Mientras yo exista seguirán viviendo en mí su ilusión y su empeño por honrar siempre la cuna que nos vio nacer, por respetar y por amar este planeta y a la naturaleza tan sabia y generosa que siempre sabe renacer hasta de los mismos escombros, para enseñarnos a seguir su ejemplo. Esa tierra que sabe que las semillas que uno cultiva dan frutos cuando son semillas buenas, cuando son regadas con fervor, bondad y amor.

 

Hoy conmemoro ciento once años del abuelo, de los cuales casi veinte acompañaron mi vida e impregnaron en mí un ejemplo, un cariño, un respeto y una admiración por el gran ser humano que fue pleno de genialidad y brío.

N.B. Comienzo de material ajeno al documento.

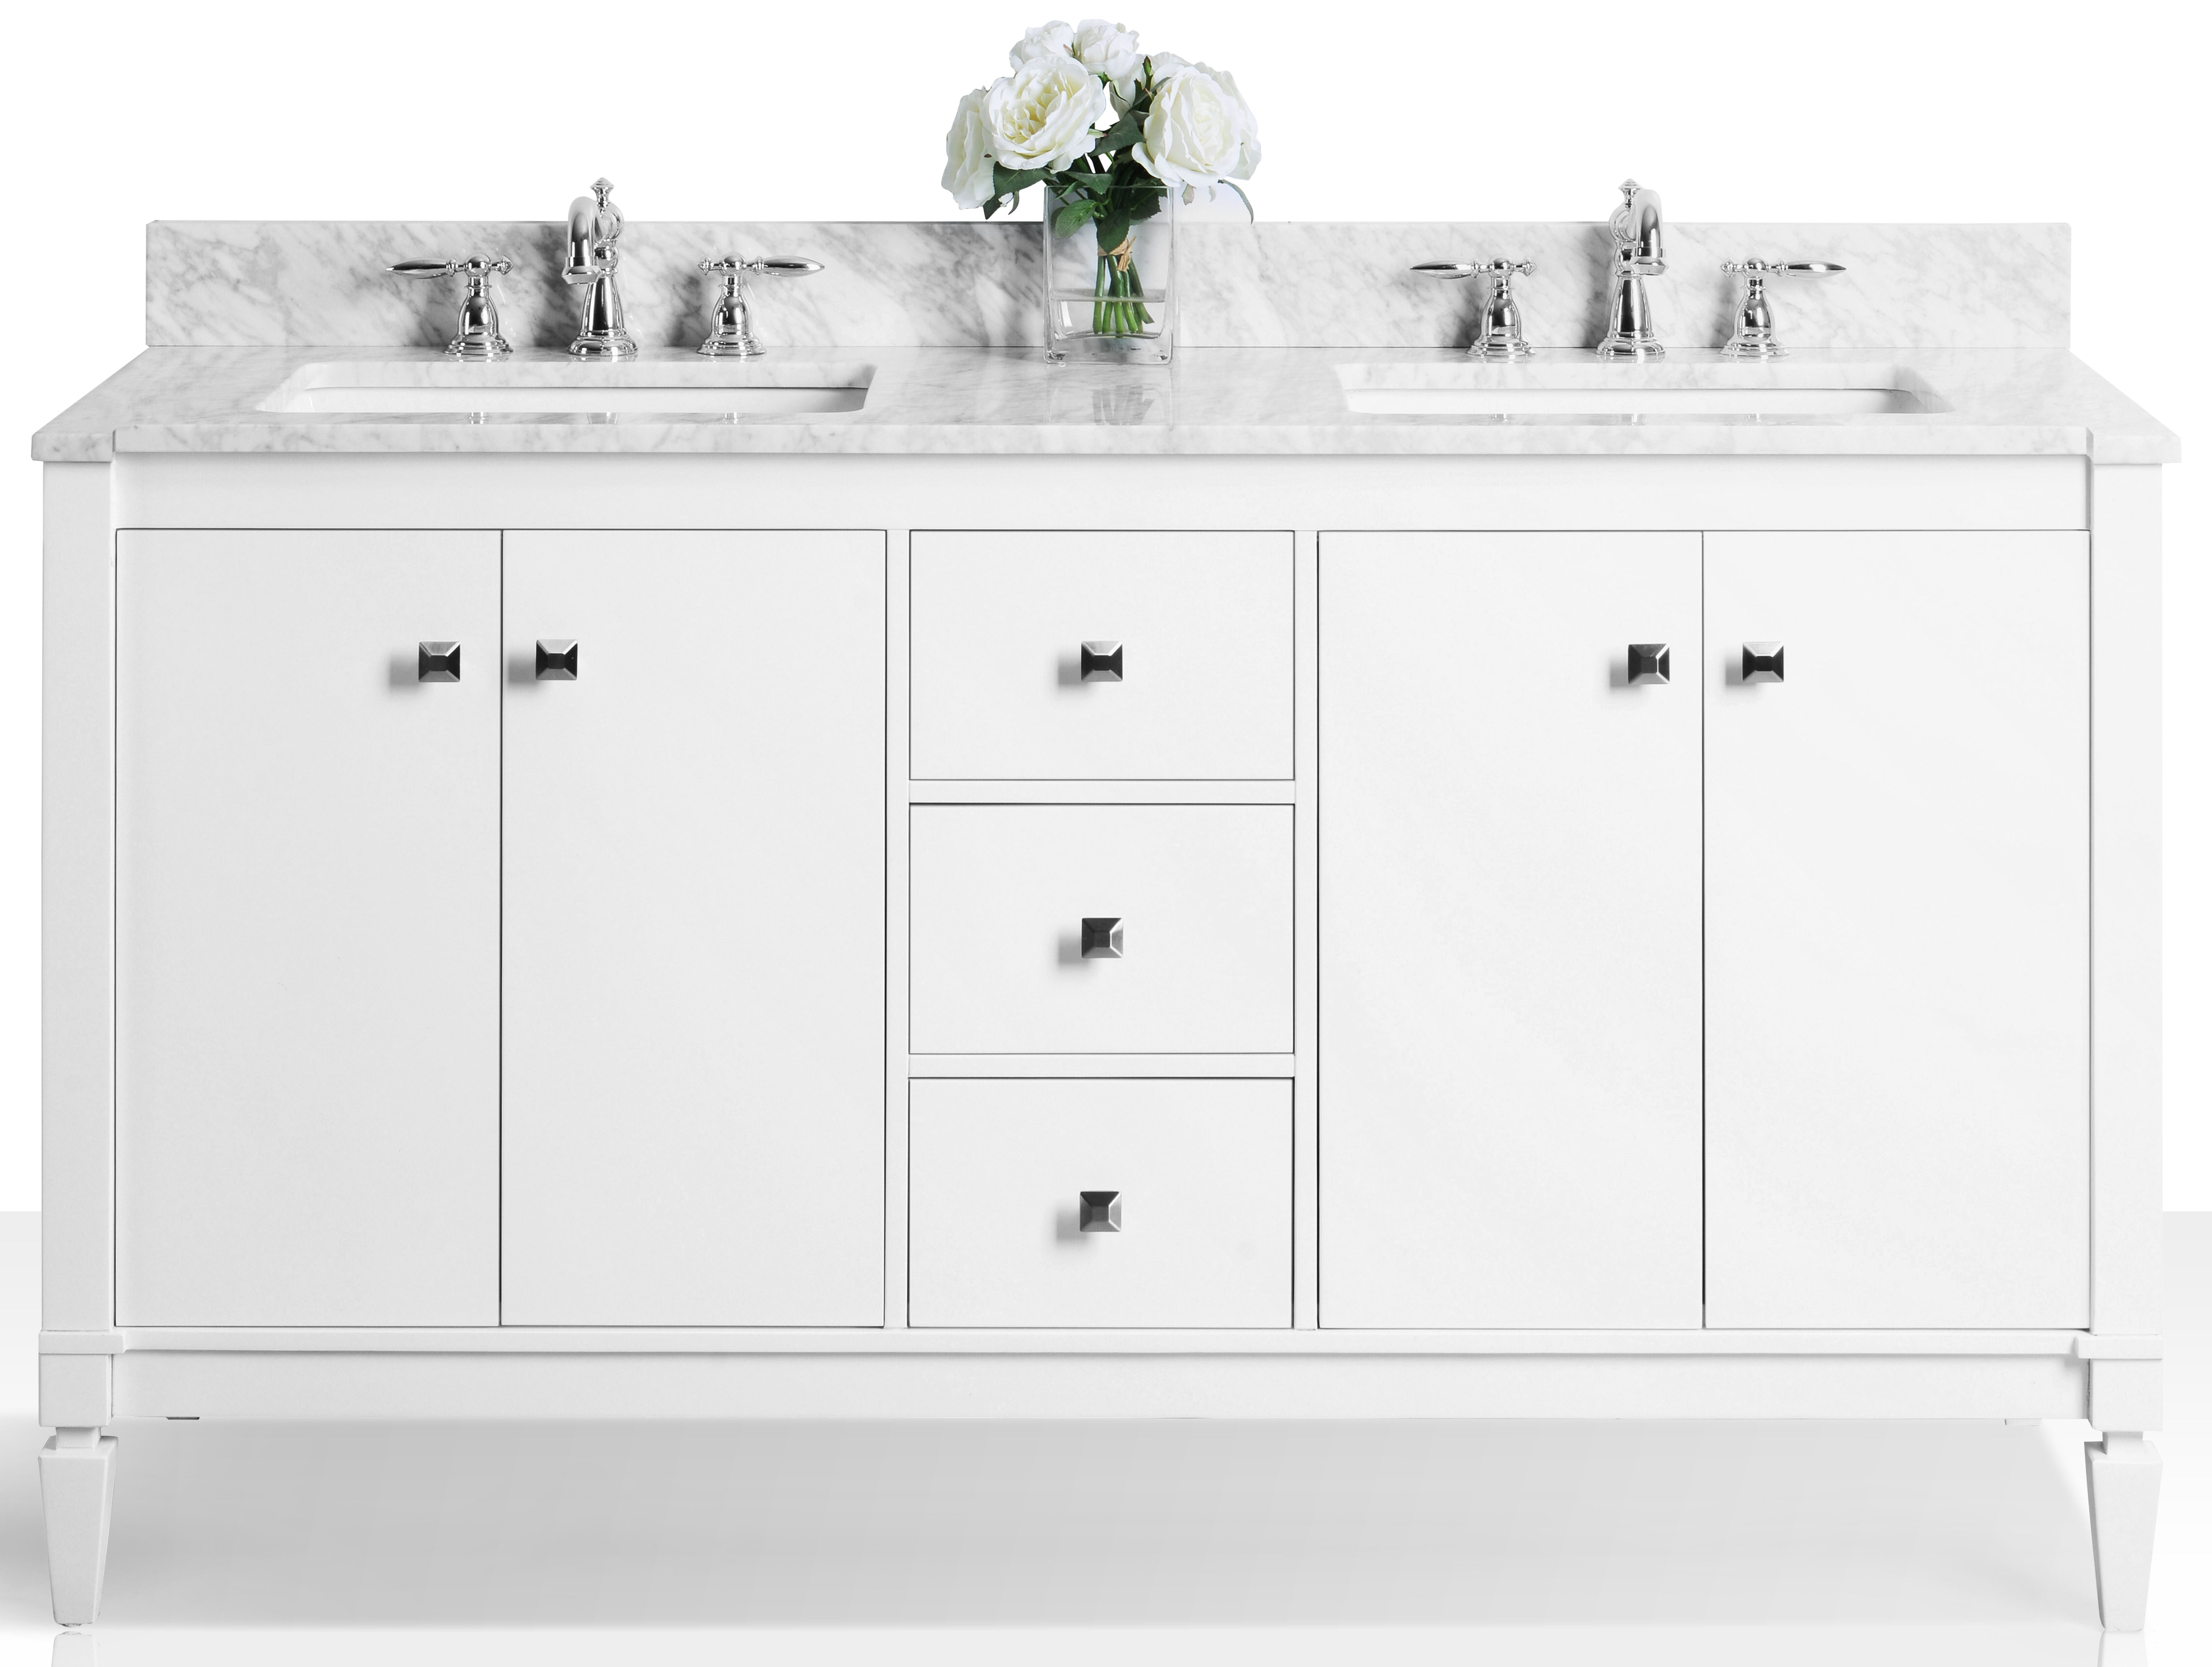 60" Double Sink Bath Vanity Set in White Finish with Italian Carrara White Marble Vanity top and White Undermount Basin
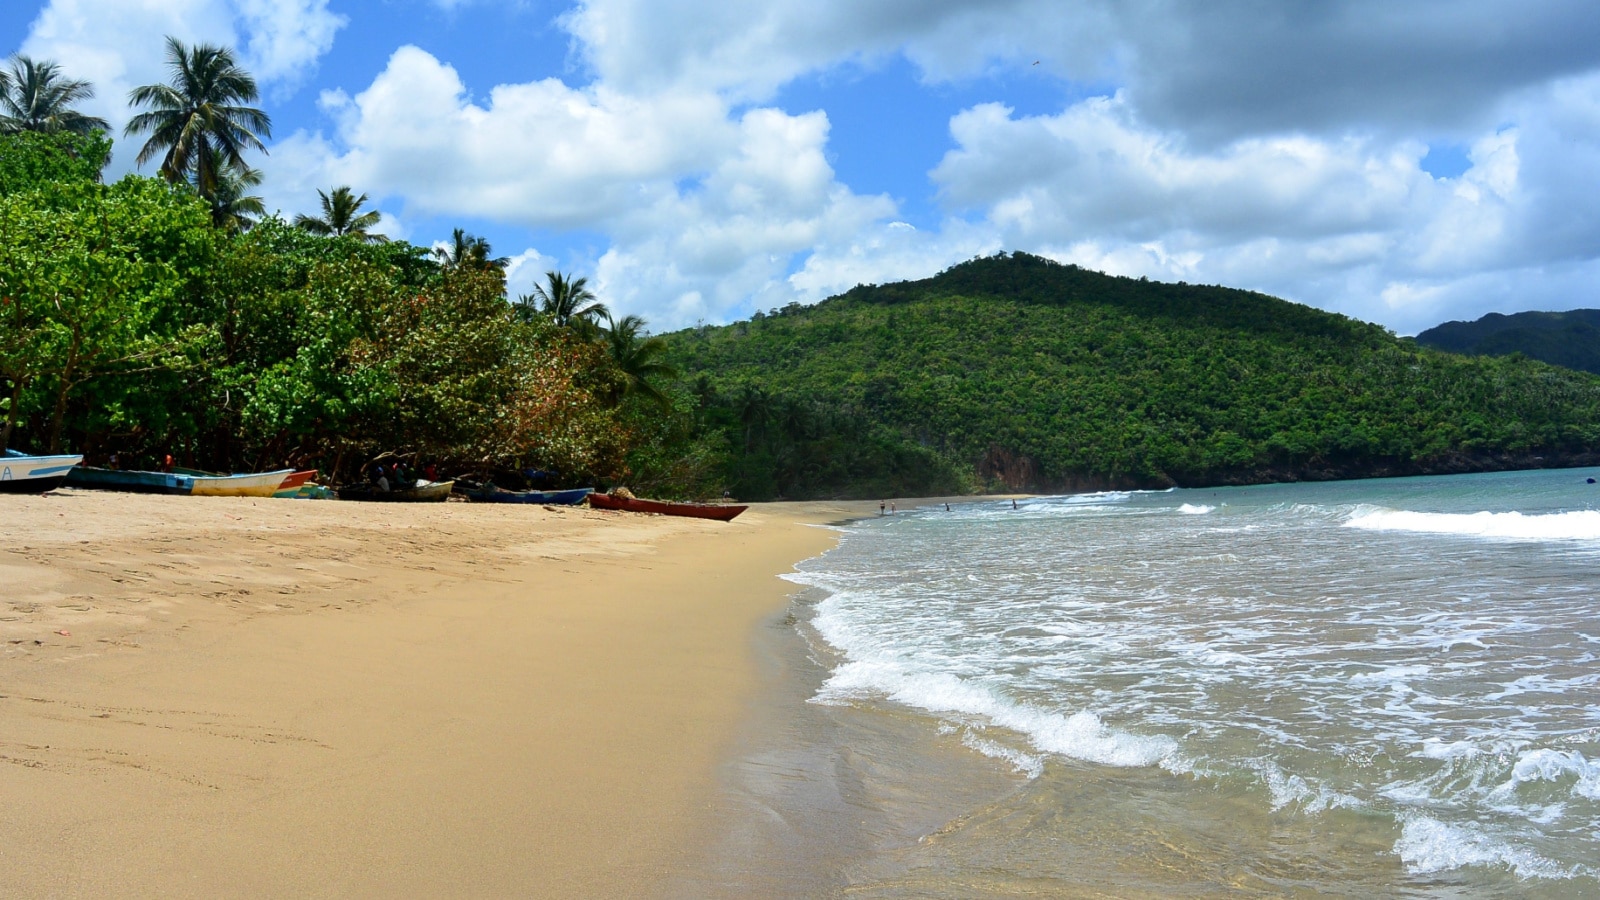 Deserted beach with clear water of the Atlantic Ocean near the mountains and cliffs overgrown with green jungles and palm trees on a tropical island. Dominican Republic, Samana Peninsula

Sí, mi abuelo fue un genio, tan lúcido como impredecible. Su genialidad venía acompañada de un temperamento fuerte, a veces difícil de comprender. Vivió muchas historias, disfrutó momentos de inmensa felicidad, pero también enfrentó dolores profundos, de esos que dejan cicatriz.

Fue un ser humano cabal, real, al fin y al cabo, con todos sus aciertos y con todas sus fallas. Un abuelo que de una u otra forma y con esa misma mano que me tendió desde que era niña, para hacerme sentir valiosa, inteligente, femenina, e importante, nunca ha dejado de sostenerme, aún desde el más allá.

 

 

Nunca ha dejado de recordarme la importancia de ser fiel a uno mismo, o el valor que tiene un nombre, el valor que tiene honrar un legado.

Aunque las cosas materiales se pierden, lo que nunca se perderá es la memoria, el cariño, el amor que van más allá del tiempo, del espacio y que siempre permanecerán válidos, vigentes como reales tesoros.

Al honrar su memoria con actos y con una vida que espero haya sido digna y servicial, y mientras sigo reuniendo el valor para contar más historias, hoy así concluyo esta.

 

Pero el abuelo seguirá. Siempre seguirá vivo en mi recuerdo, mientras él poderoso e imponente, fiel a sus propias palabras y deseo más ferviente, sigue cumpliendo al pie de la letra su última voluntad en esta, su tierra:

 

“Que mi espíritu libre vague errátil por tus sabanas, repose en los sombreados remansos de tus quebradas, o alborozado en los torbellinos o polvaredas que se levantan con el viento estival.

Quiero que guarden estas páginas todo lo que amándote aprendí de ti misma, para que quienes llevan mi sangre y tuvieron, como yo, la fortuna de que allí se arrullaran sus cunas, sepan también amarte”. - Benjamín Rocha Gómez, al Aceituno

 

 

MFR. Mamaroneck, Julio 18, 2025

 

2 comentarios

  • Que lindo Kika me tocó el fondo de mi corazón por que también Benjamin marcó mi vida . Me acuerdo de tantos momentos tan especiales que tuve la fortuna de compartir. ❤️✨

    Luz Mary Beltran en

  • Kika, hermoso el bosquejo de tu abuelo Benjamin. Cuando el corazon habla, es asi como se expresa. Con estas palabras haz honrado su memoria y asi sigue vivo en nuestros corazones. Felicitaciones!!